The waters of the Nile flow slower in the hot season. There is no rush; all of Egypt converges at the Delta, gods and kings, farmers and artists, nomads and beasts and insects and slaves, trudging legs through sand and dust, always one beat behind their natural pace. Even the sun, Moses reflects, has slowed down, and he imagines the giant scarab rolling it across the sky, sluggish in the heavy heat.

The air is quiet. No wind, just the murmur of the river, the chirps of frogs, and a faint clink, clink, clink of tools on stone from the faraway distance, turning lifeless sand into monuments.

"What are you thinking about?" Rameses asks, breaking the silence.

Moses does not need to open his eyes to know exactly how his brother looks: stretched across the stone-paved embankment like a drowsy tiger. His eyes are closed against the light, simple bracelets glinting golden in the sun, his face relaxed but for the slightest raise of the brow, of lazy curiosity.

"I am thinking," Moses says, "of sand."

"What of it?" There is a smile in Rameses' voice.

"Well," Moses considers, and digs his toes into the muddy riverbank. "There's a lot of it, for a start."

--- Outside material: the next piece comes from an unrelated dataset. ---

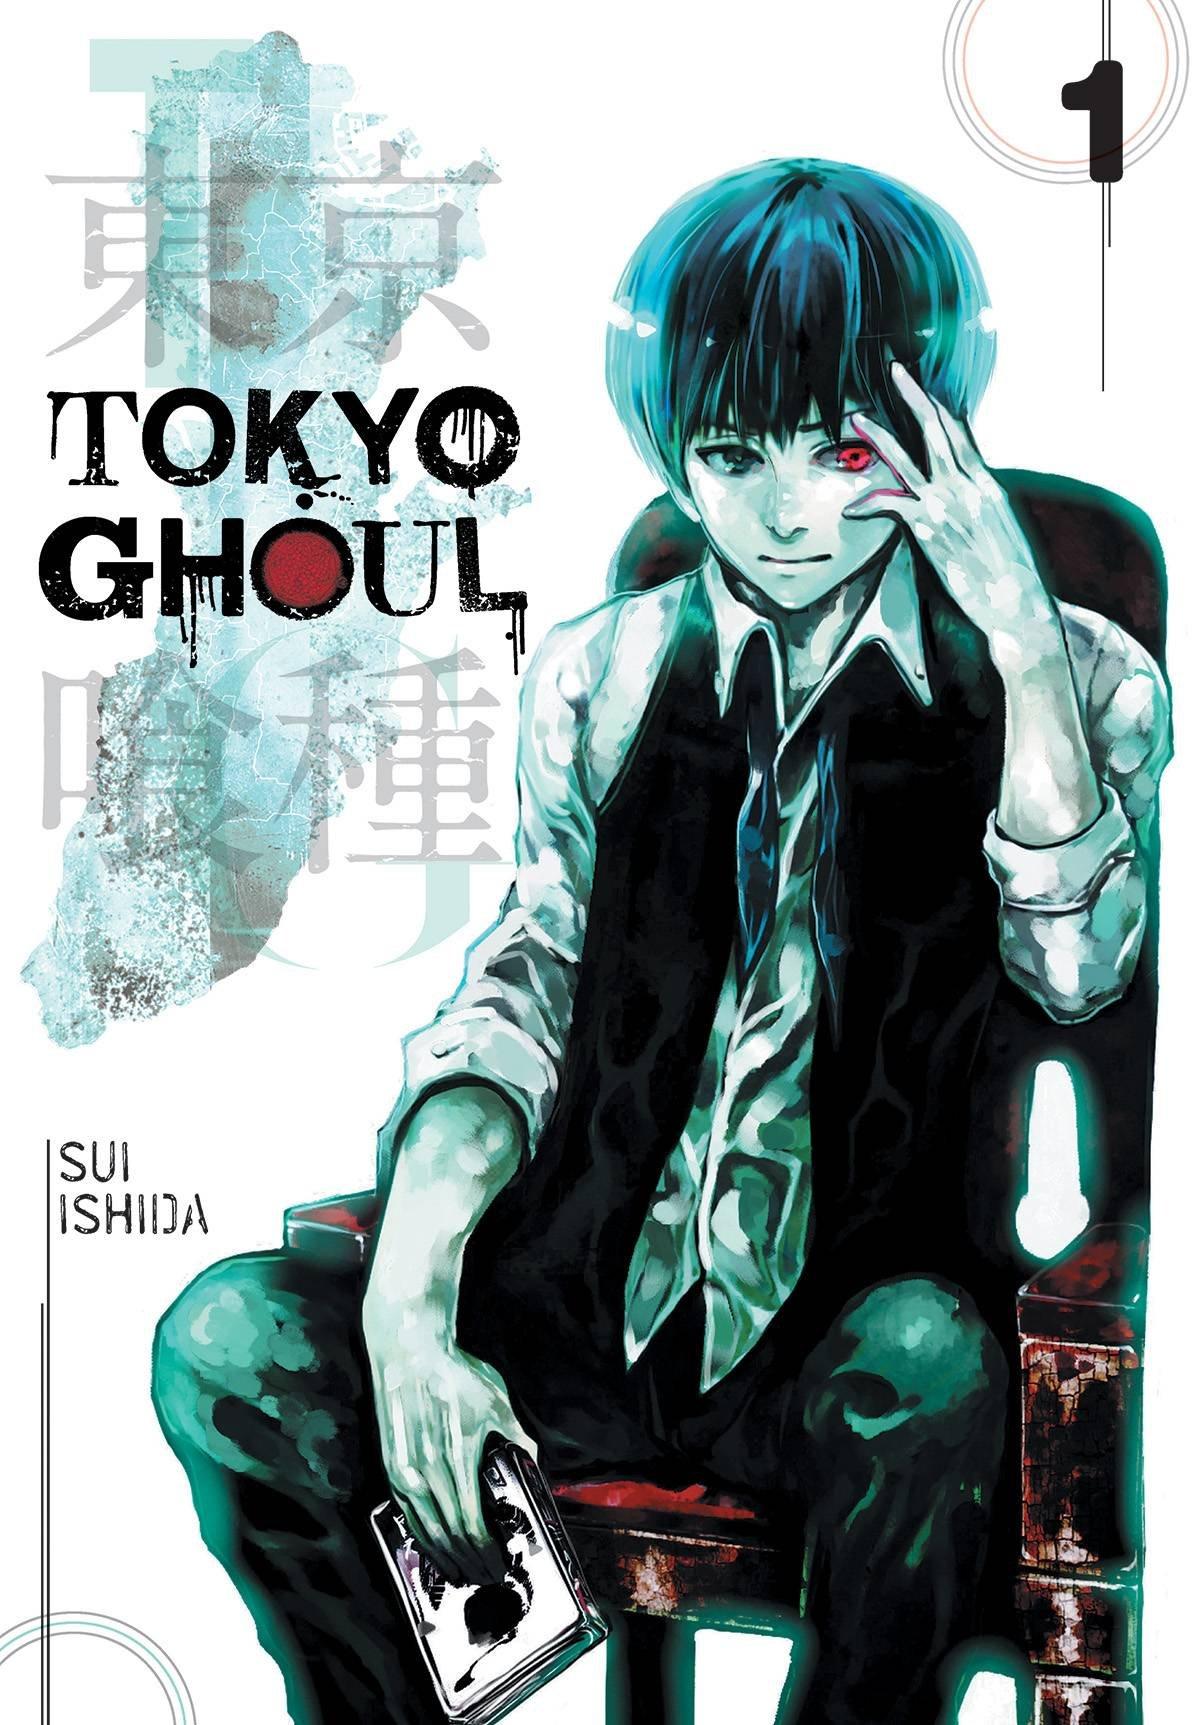 Tokyo Ghoul Vol 1 Sui Ishida 0787721859499 Amazon Books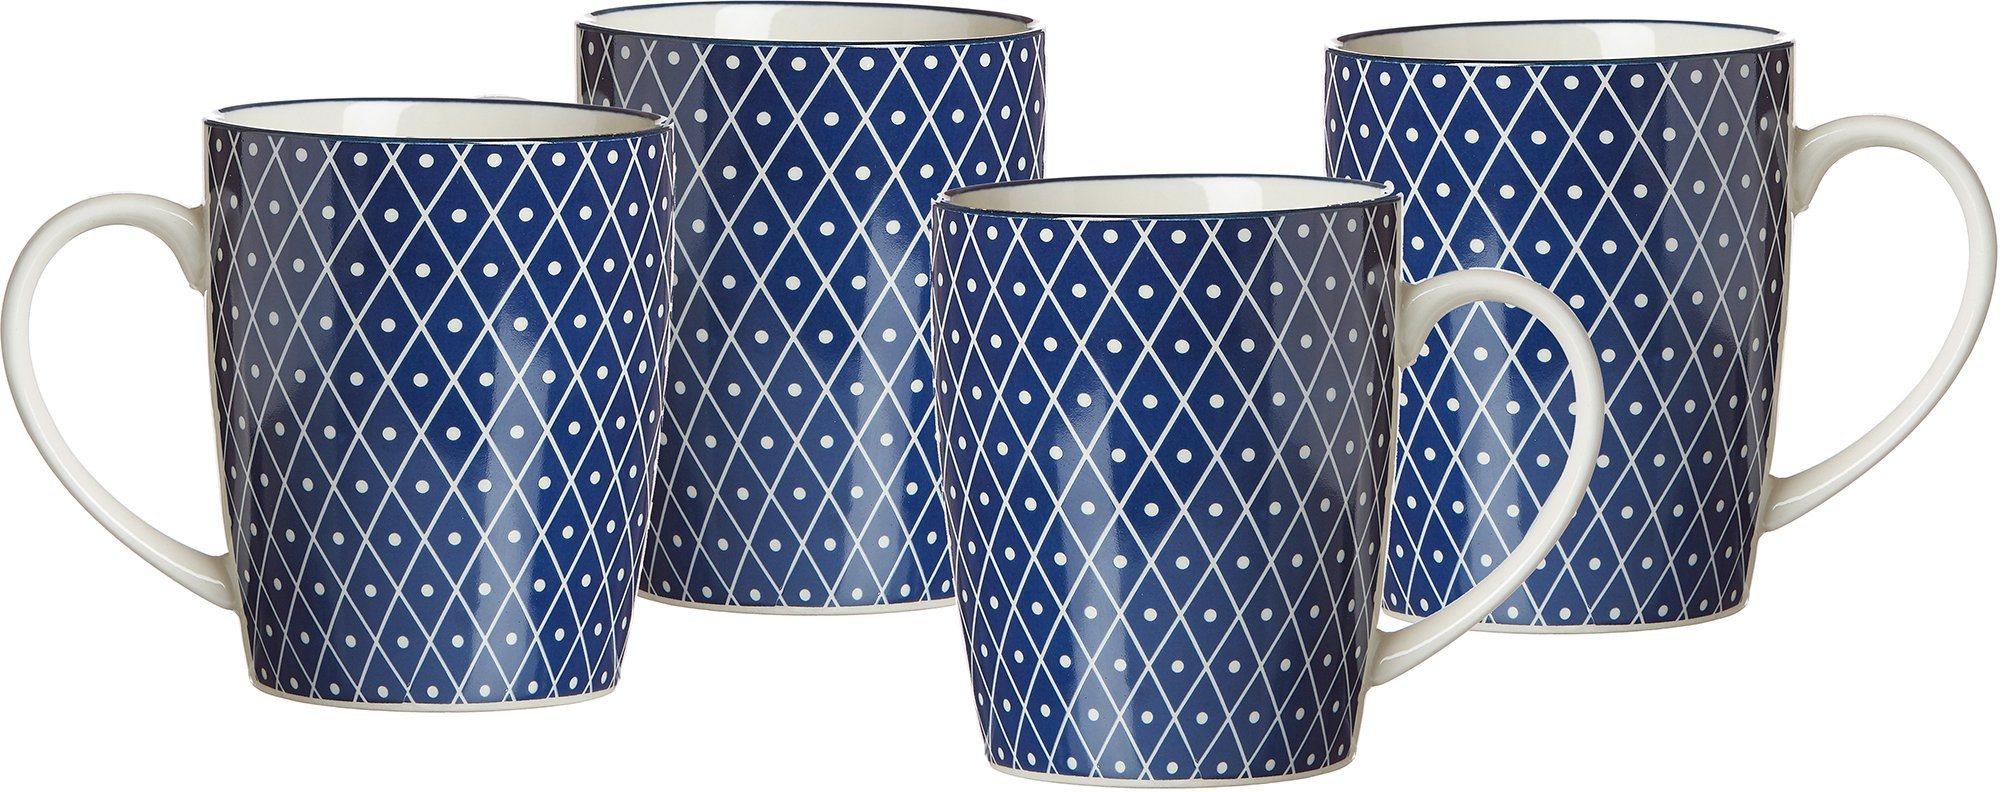 Kaffeebecher, Keramik, 4 Teile, »ROYAL REIKO«

"Once again, Moses, your royal blood reveals itself in astute observations."

Unwittingly, Moses feels his lips curve upwards. "I was thinking of how closely you resembled a noble animal I saw last night."

He can hear the rustle of Rameses shifting beside him. Probably folding his hands under his head, but it's too much of an effort to check. "A hawk, I presume? A lion?"

"A goose," Moses replies smoothly. "She had your nose."

White heat falls on his bare chest from above and sun-warmed limestone burns from below, and they're both nothing compared to the warmth he feels at the sound of Rameses' short burst of laughter. That has always been his job. He is the brother with no responsibilities, other than the one he's assigned himself: not to let Rameses drown under his.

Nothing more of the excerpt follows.